Material provided »
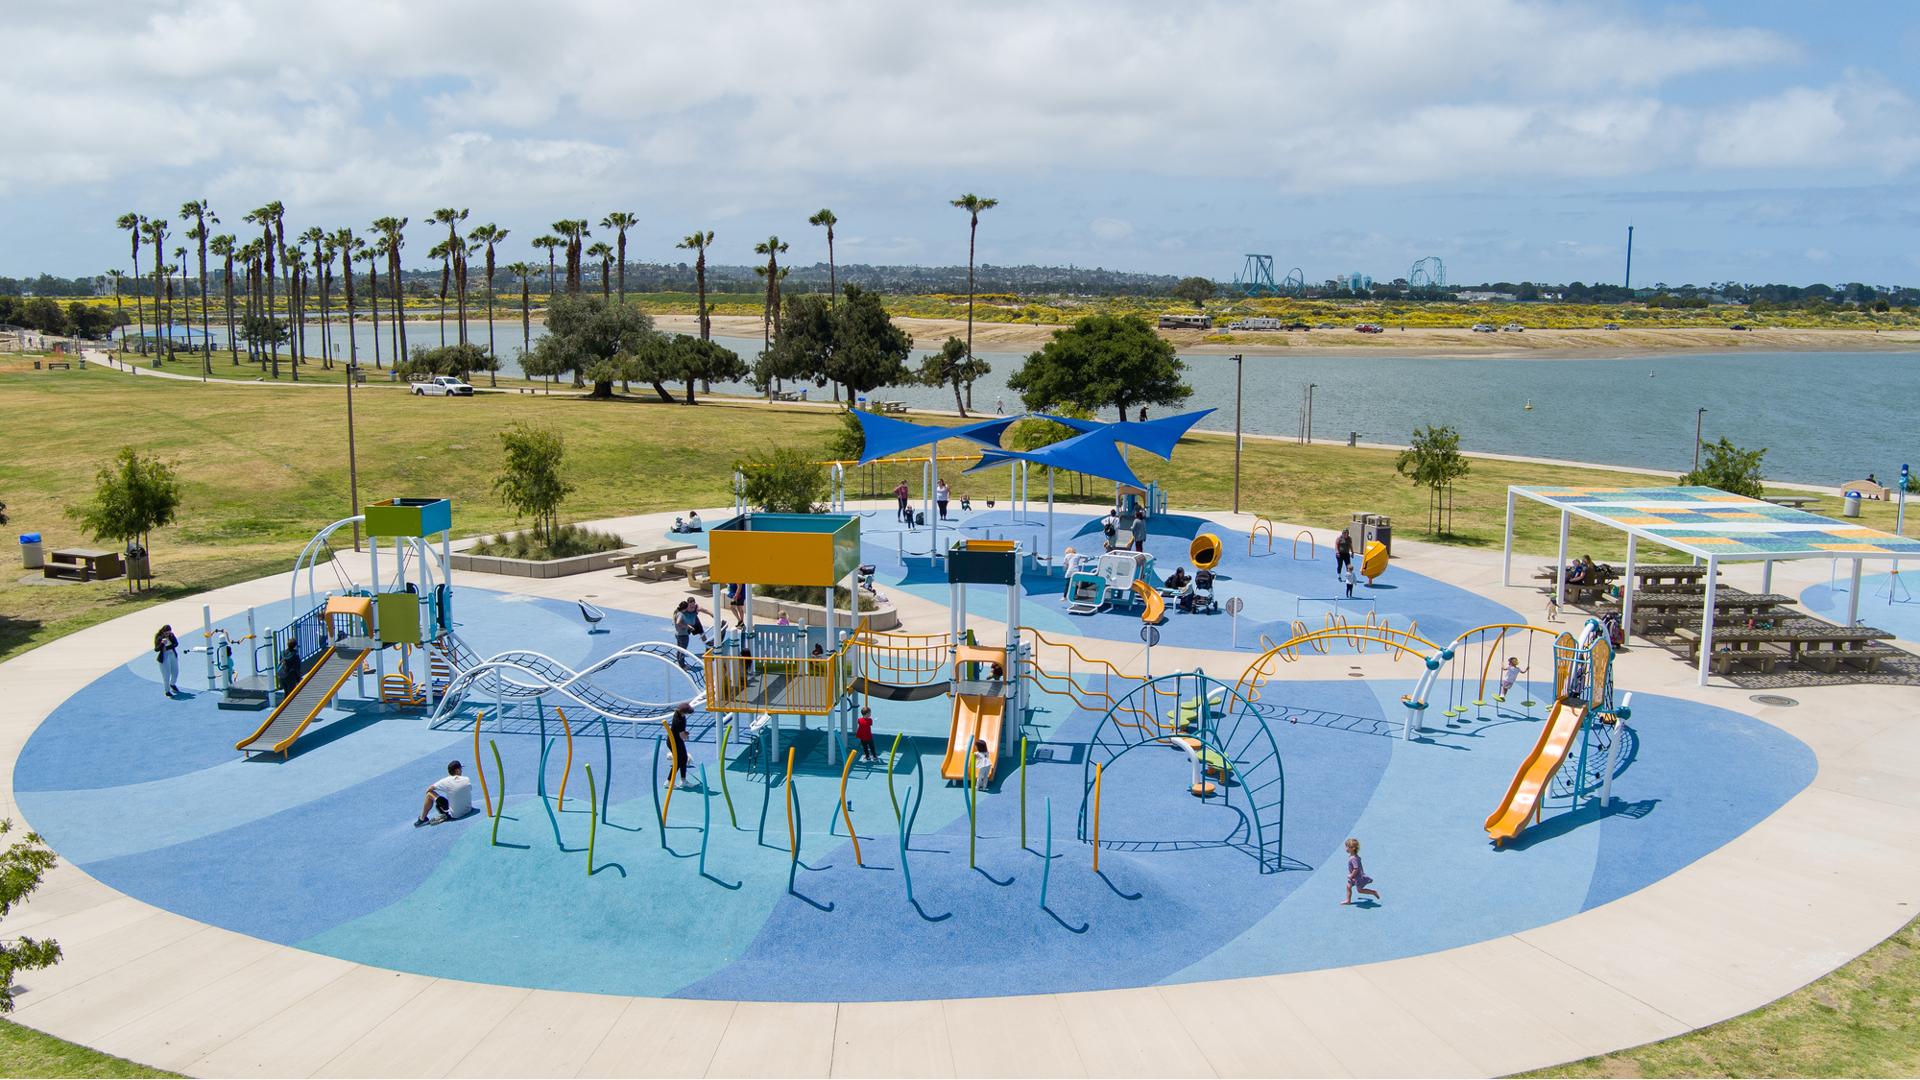 Full elevated view of a large circular play area with multiple play structures and stand alone activities all set next to a large body of water in the background.
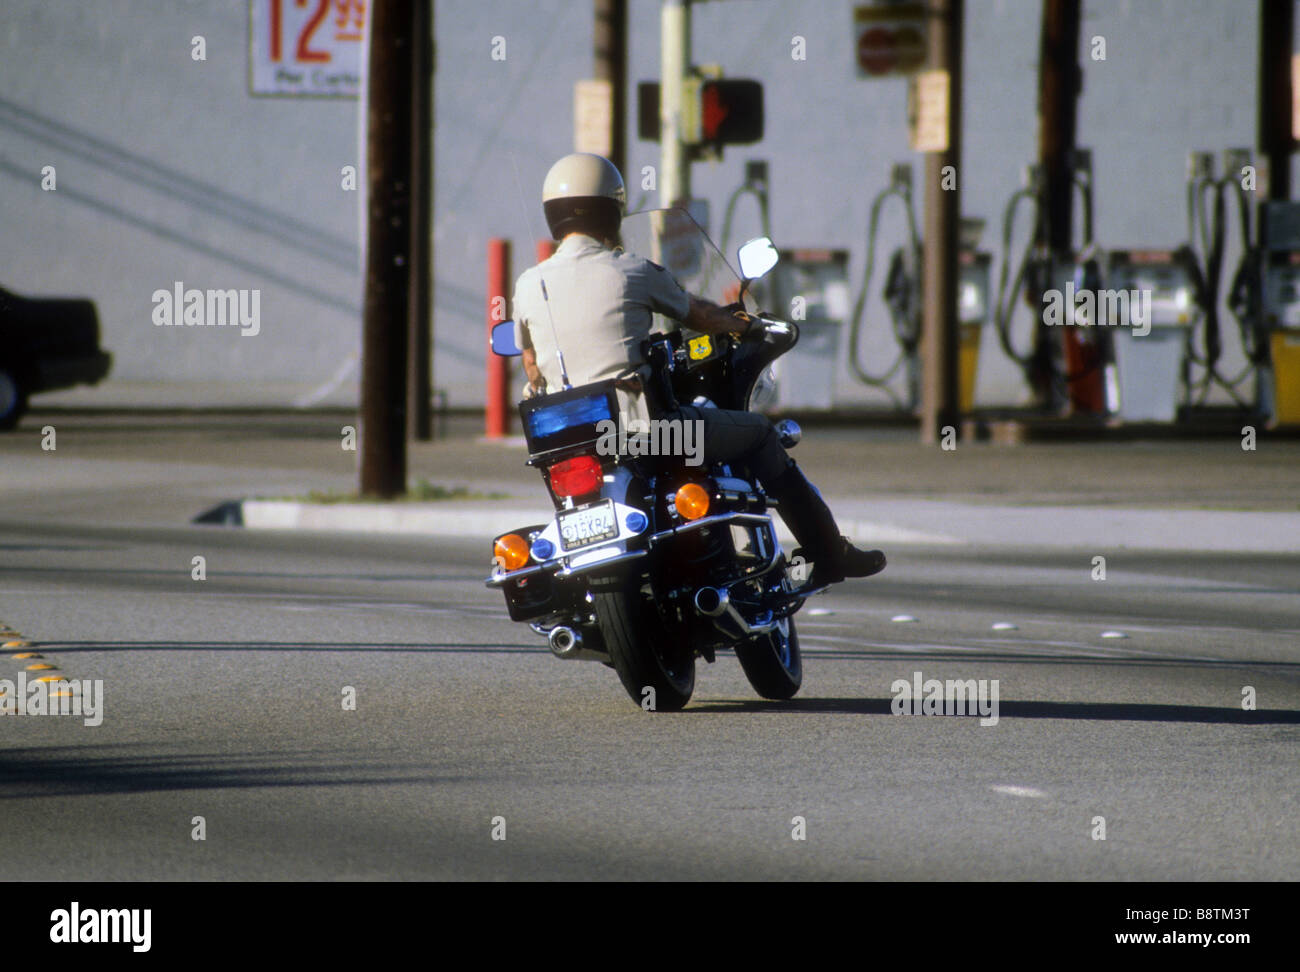 California Highway patrol officer on motor cycle motorcycle turns onto roadway Stock Photo
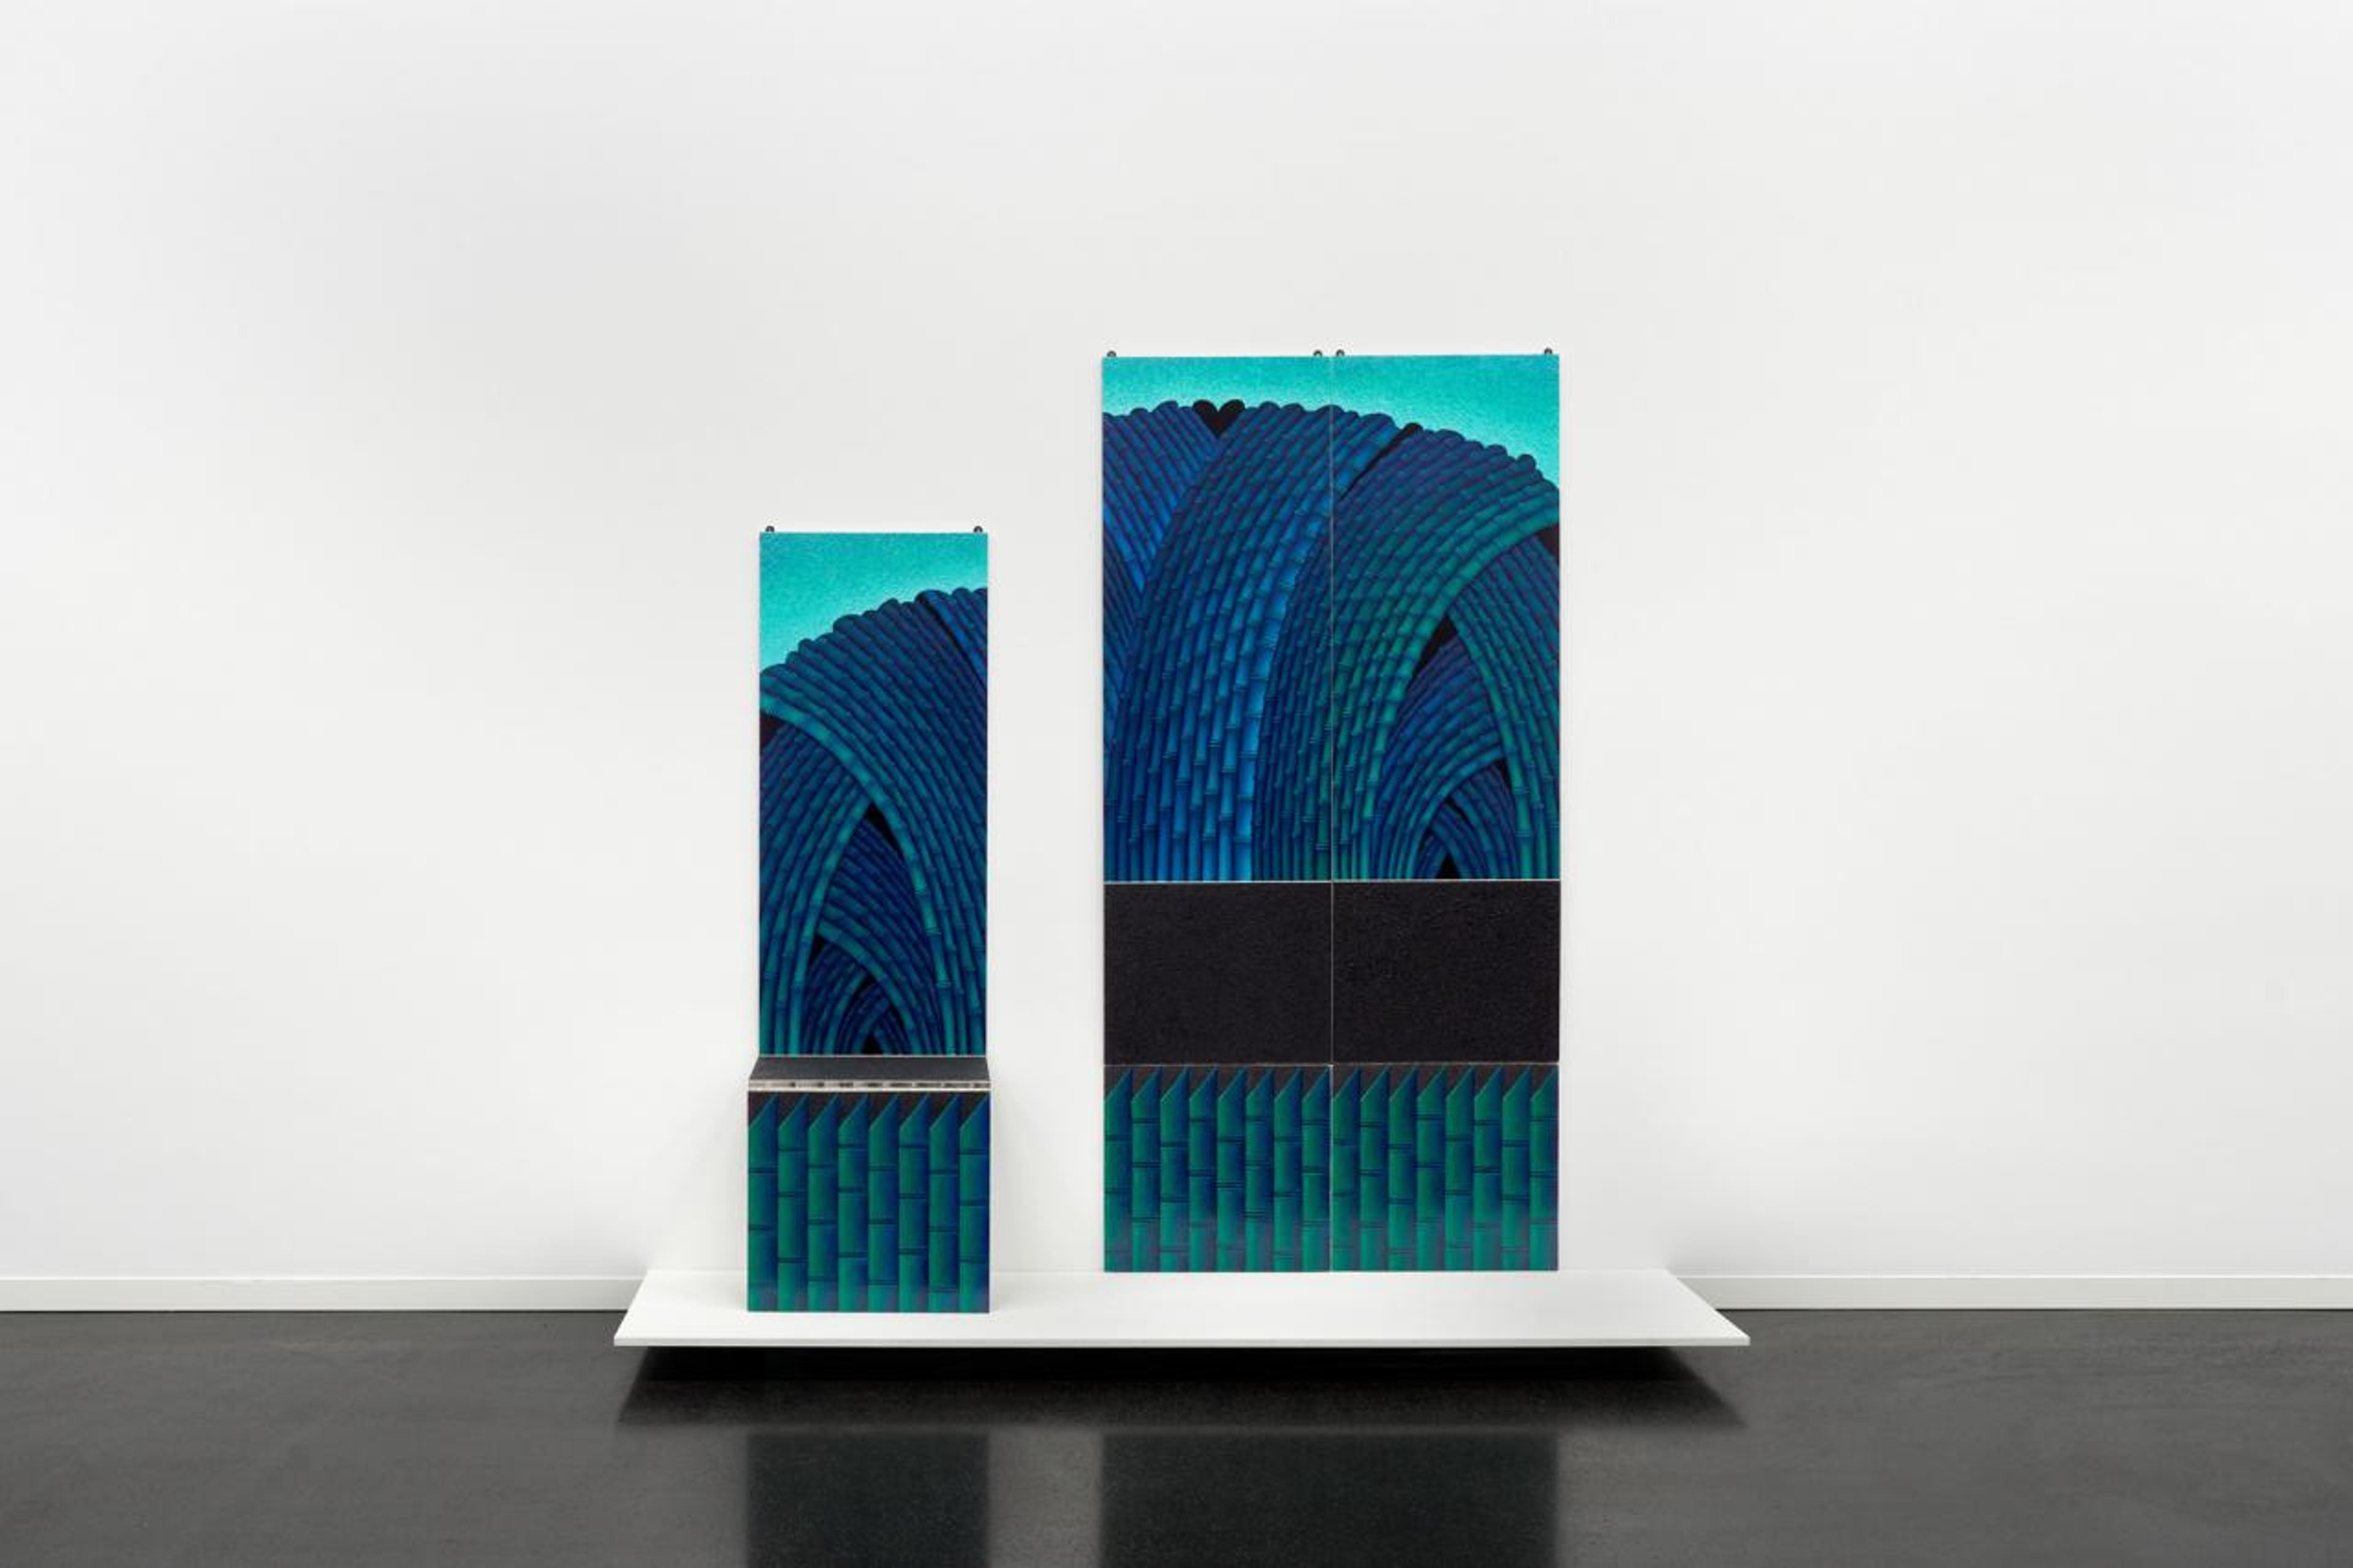 Yong Xiang Li, a break (by the bamboo wave), 2022, acrylic, sand, and varnish on gessoed wood panel, stainless steel hinge, 205 x 150 x 45 cm
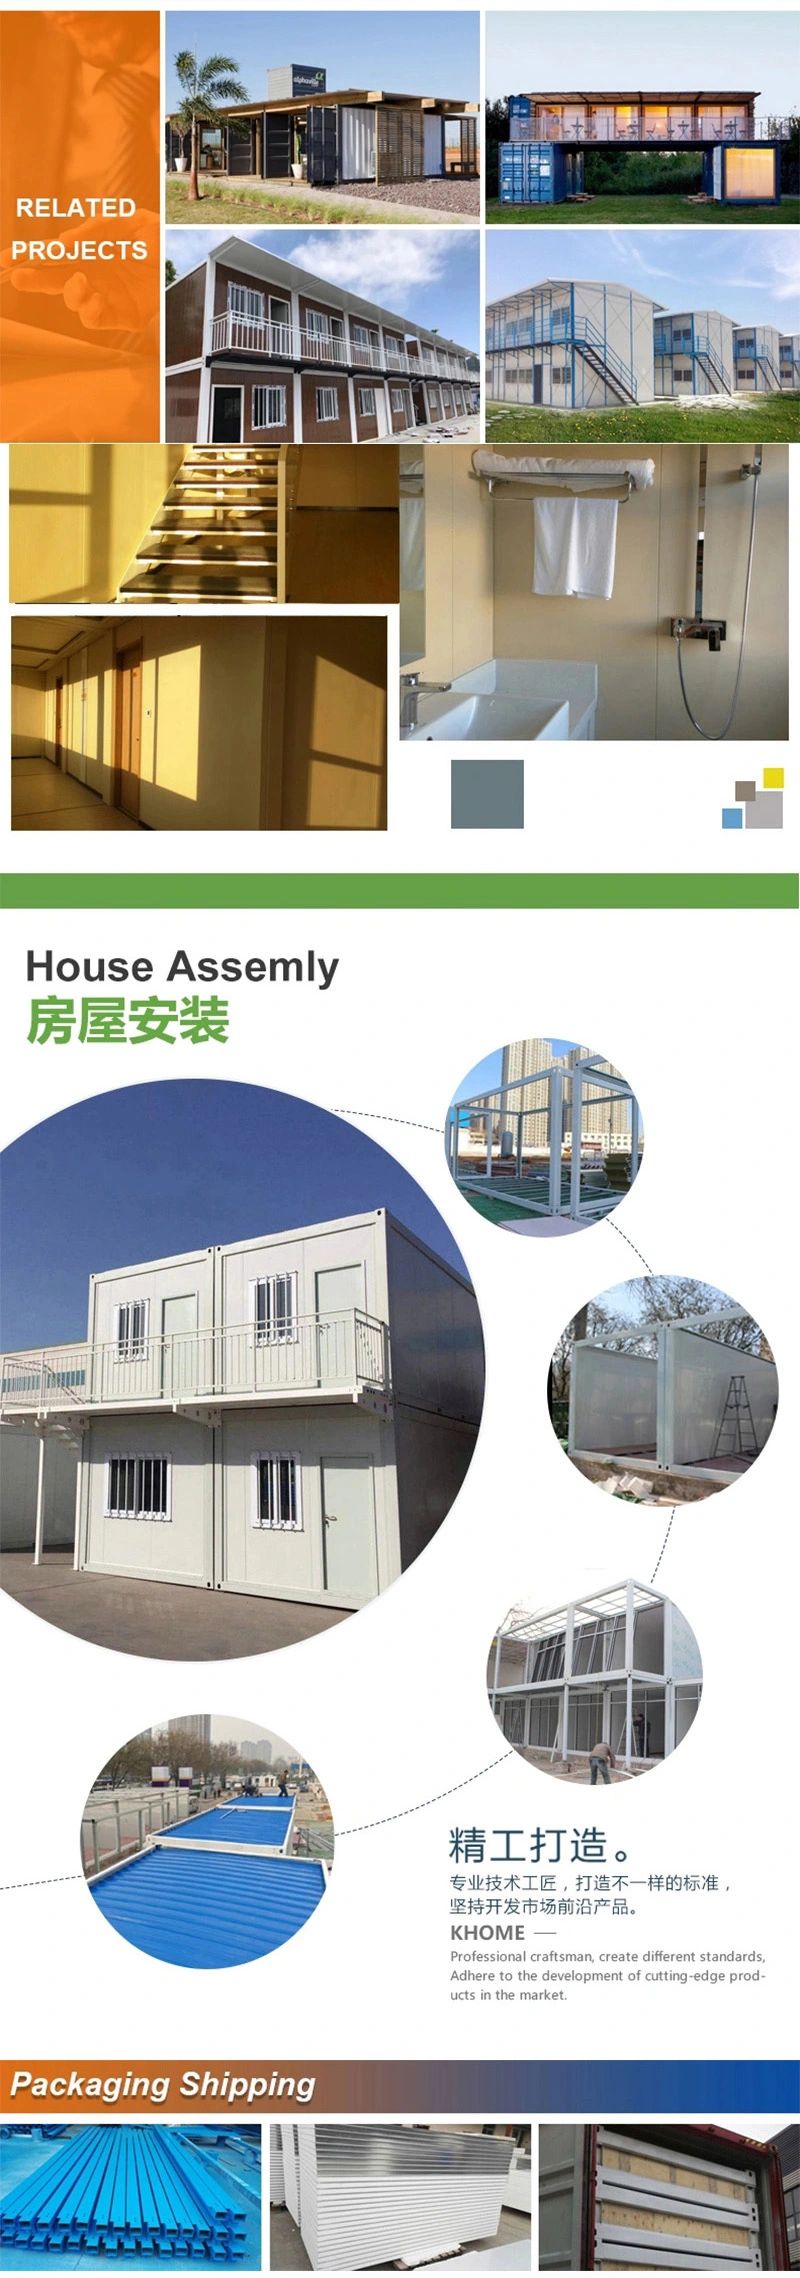 dormitory container house,used shipping container house,shipping container house used,dormitory house,shipping container container house

Work instructions » The copy should hold exactly the lines from the line containing "California Highway patrol" through the end of the data, both ends included, and no pictures.

Output »
 California Highway patrol officer on motor cycle motorcycle turns onto roadway Stock Photo
 Yong Xiang Li, a break (by the bamboo wave), 2022, acrylic, sand, and varnish on gessoed wood panel, stainless steel hinge, 205 x 150 x 45 cm
 dormitory container house,used shipping container house,shipping container house used,dormitory house,shipping container container house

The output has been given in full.